The Summit was absolutely enriching and inspiring. For two full days the Summit explored deeply into the core of all issues: how to spur and sustain transformational change, how to shift the power which is too far away from the people.

Is the grant-makers and grant seekers relationship aiming at maintain the status quo or at spurring social change? Is it providing charity or promoting justice? Is it tackling the root causes or merely alleviating the consequences and eventually perpetuating patterns of discrimination and inequality? Are we willing and ready to shift the power?

370 delegates from Community Philanthropy from 60 different countries were vocal and bold in saying the power, the decision making, the ownership and resourcing have to be local.

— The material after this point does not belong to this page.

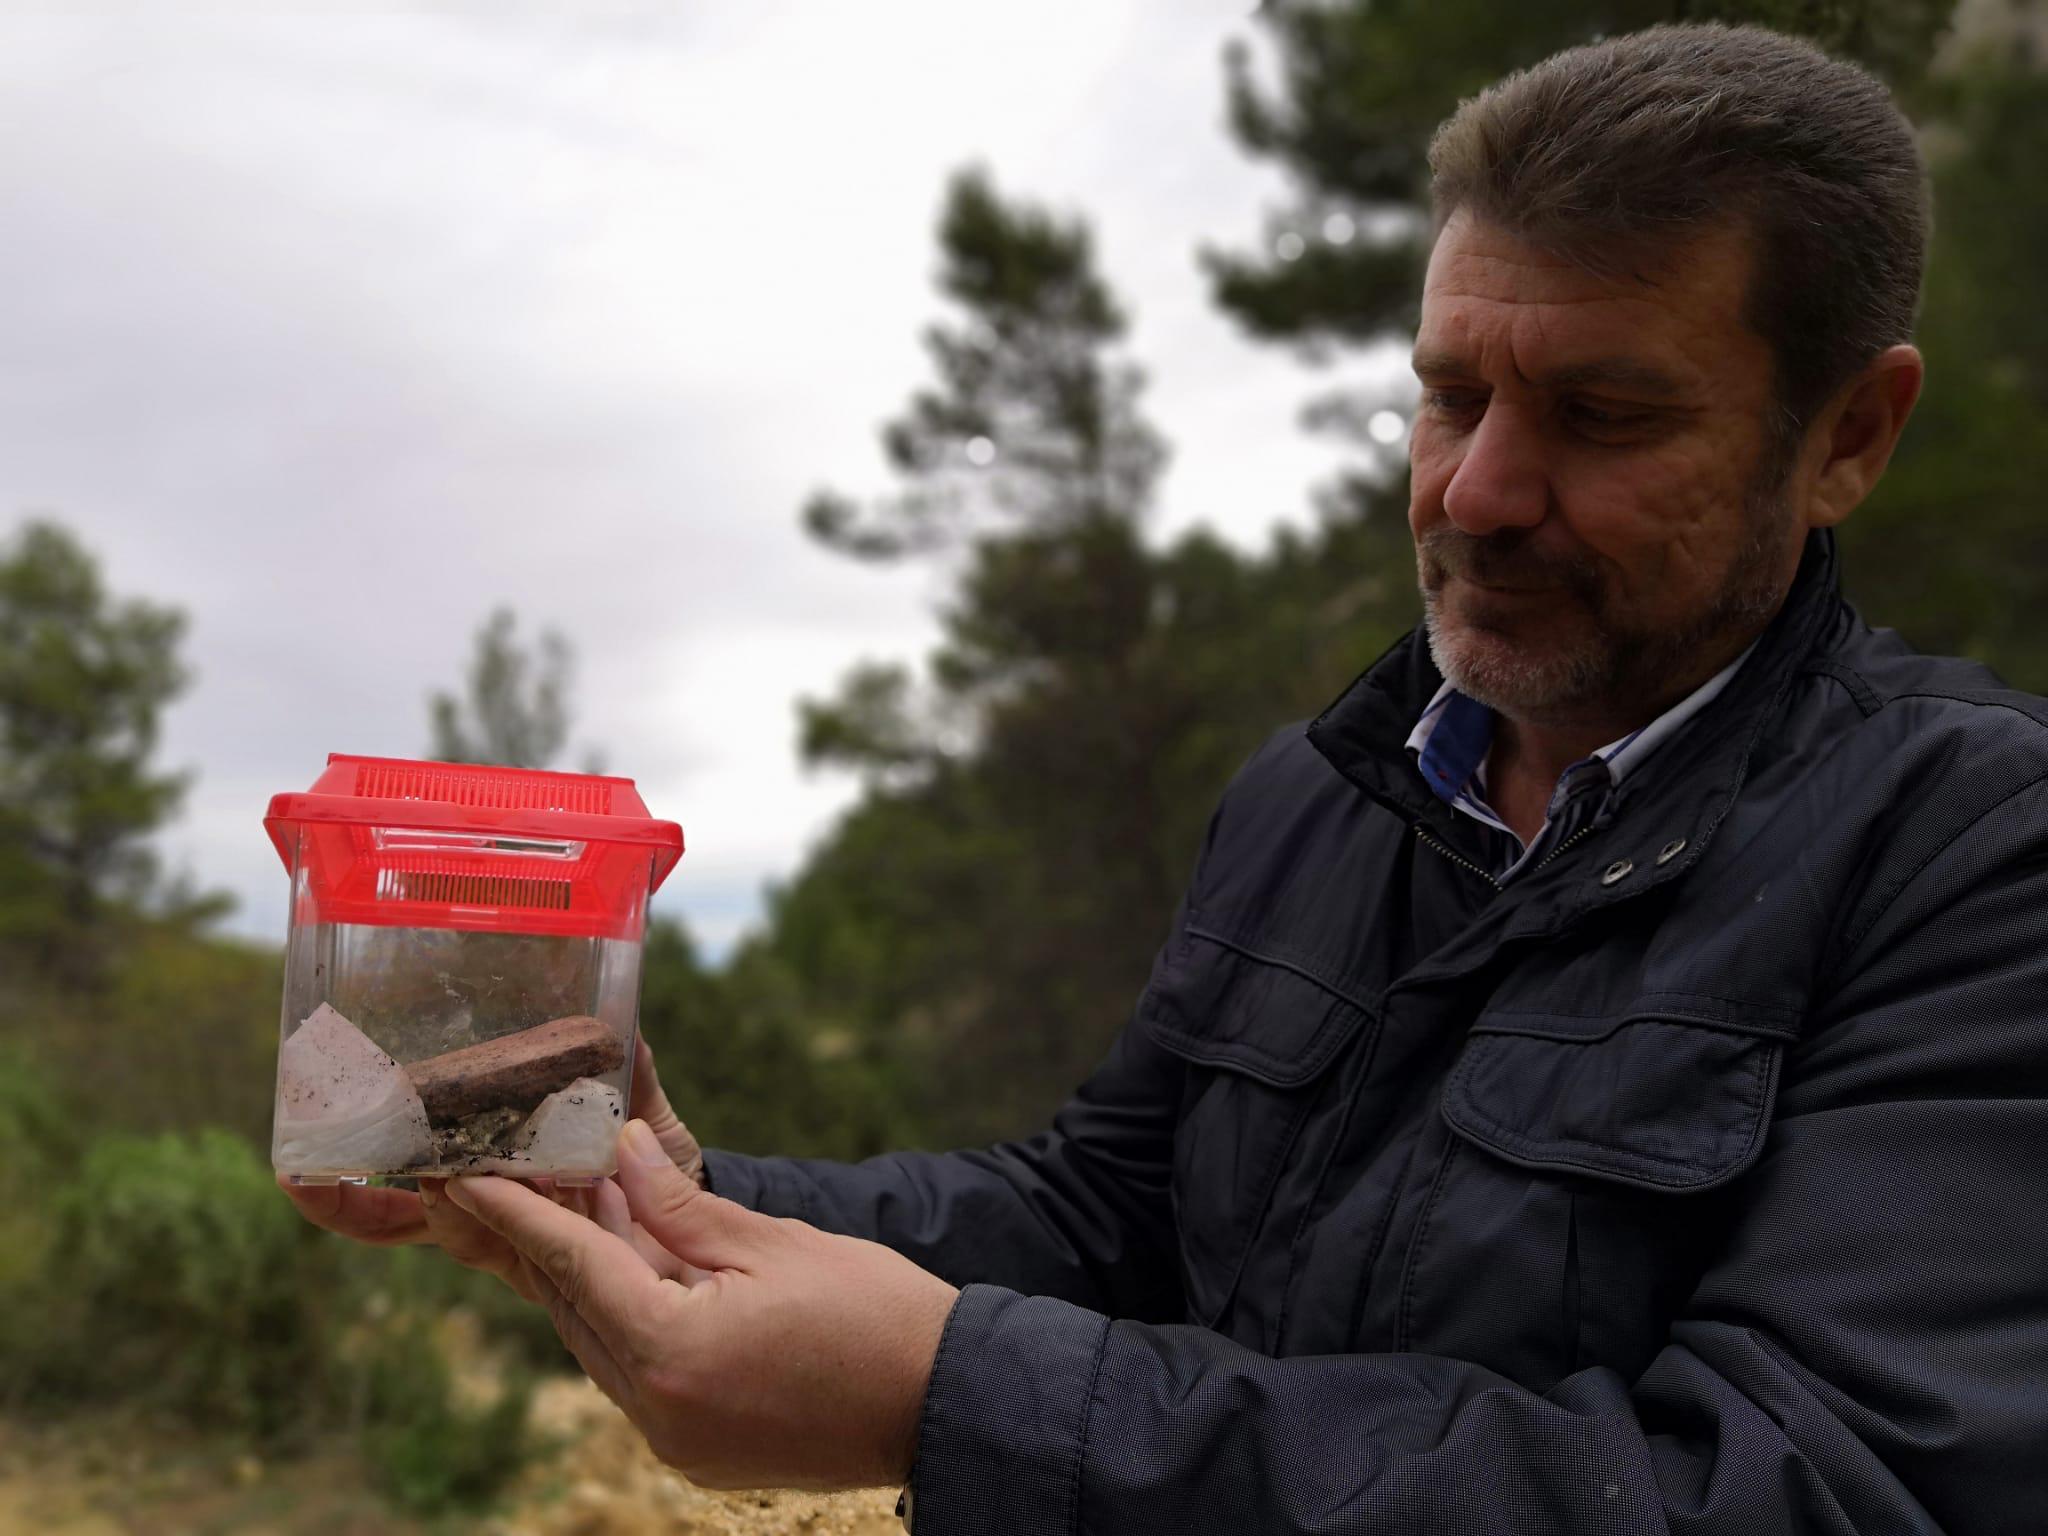 El director general de Medio Natural, Fulgencio Perona, muestra un sapo bajo una piedra. Imagen: CARM

This is a radical claim in front of the mainstream approach of a development aid industry and mainstream philanthropy that in our same days was at the High Level Meeting on effective development cooperation (Nairobi 28 November – 1 December 2016) and, out of the 25 billion dollars a year of official development assistance (ODA), in 2016 has given to local civil society organizations less than 2 per cent.

But the key idea is that community philanthropy organizations are essential players for the SDGs agenda everywhere, in the so called ‘developed countries’ as well in the ‘developing’ ones.

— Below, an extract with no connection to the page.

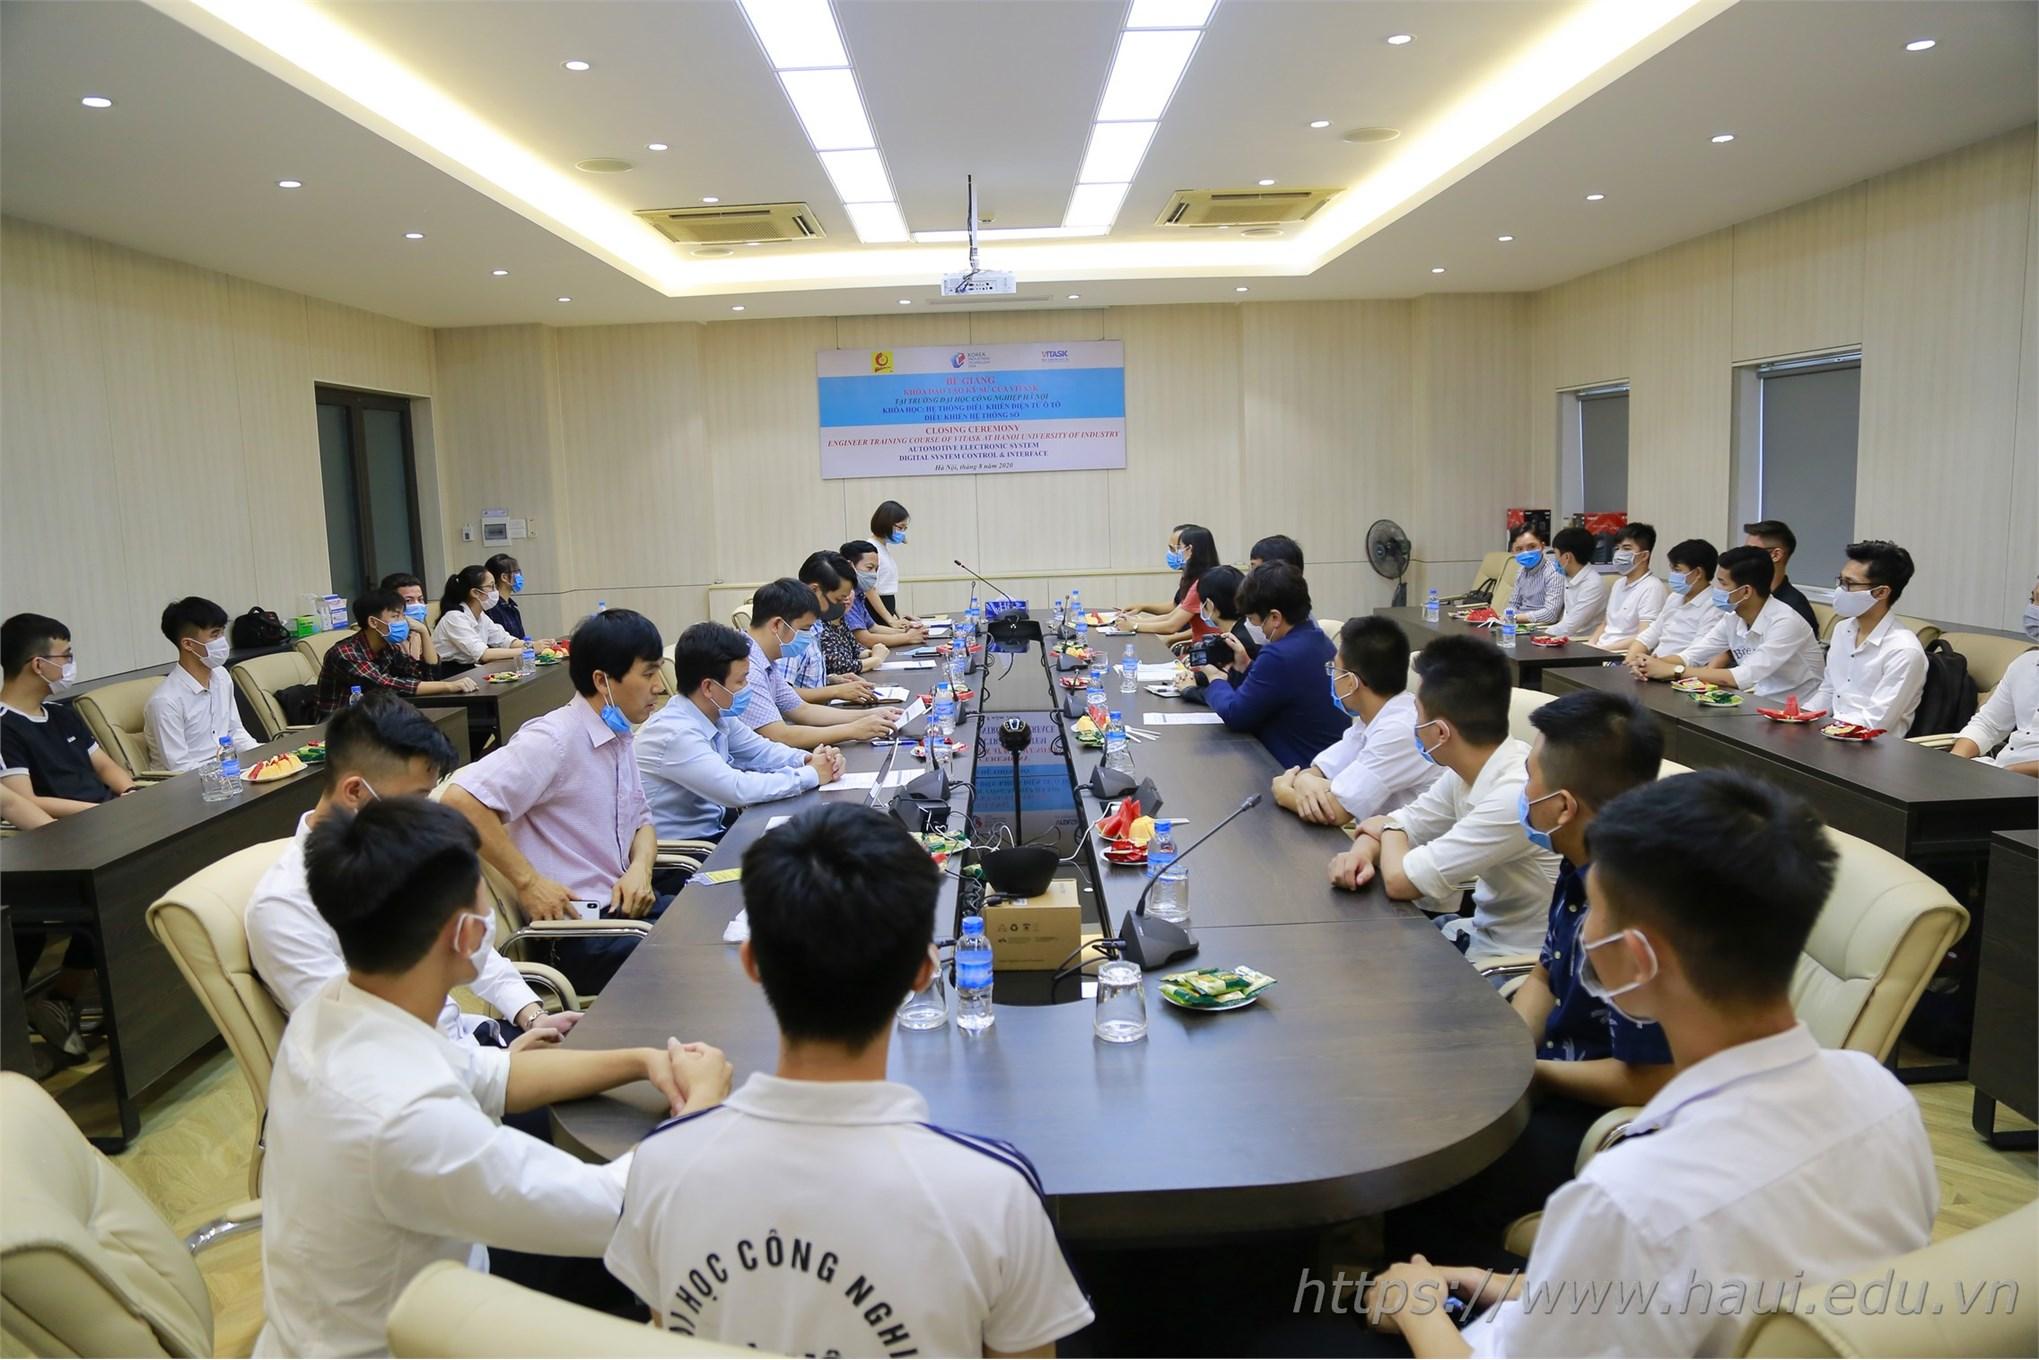 Bế giảng khóa đào tạo kỹ sư ngắn hạn về Điện tử và Công nghệ Ô tô của VI-TASK

Community foundations have increased 75 per cent in the last 25 years and they are different in origin, background, mission. Community philanthropy is, by nature, a field highly context-specific and this is a plus and a richness.

In the today changing landscape of civil society space and donor funding, community philanthropy is a critical part of the process to strengthen the capabilities of communities to make claims, to boost their sense of agency. Community philanthropy is a powerful strategy to break down the divide between donors and the so called “beneficiaries” towards an idea of co-investment where different actors bring different strengths and needs to the table; a strategy to people-led local development and a concrete way to achieve mutual accountability, local ownership and at the end sustainability.

Community philanthropy is local and context specific but we do need a global movement to make the case for it, to engage mainstream philanthropy to invest in community foundations.

Philanthropy infrastructure organizations are key in this process and we need strong philanthropy infrastructure organizations at national, regional and global level to make community philanthropy more informed, connected, and vocal.

Carola Carazzone is secretary general of Assifero, the national association of Italian grantmaking foundations.

Tagged in: Global Summit on Community Philanthropy


Comments (1)

Rasha

Community Foundations and CSOs, particularly of the Global South, need to be recognised as forces of social change by Philanthropic Foundations and Global Donors. As long as these foundations continue to provide grants and support using their same guidelines and protocol, this will never happen. But they have an incentive to do so - grassroots and civil society organizations increasingly have access to crowdfunding and a global audience of individual donors, who may have potential to fund their programs, thereby lessening the impact that large charities and foundations have to affect change at a local level.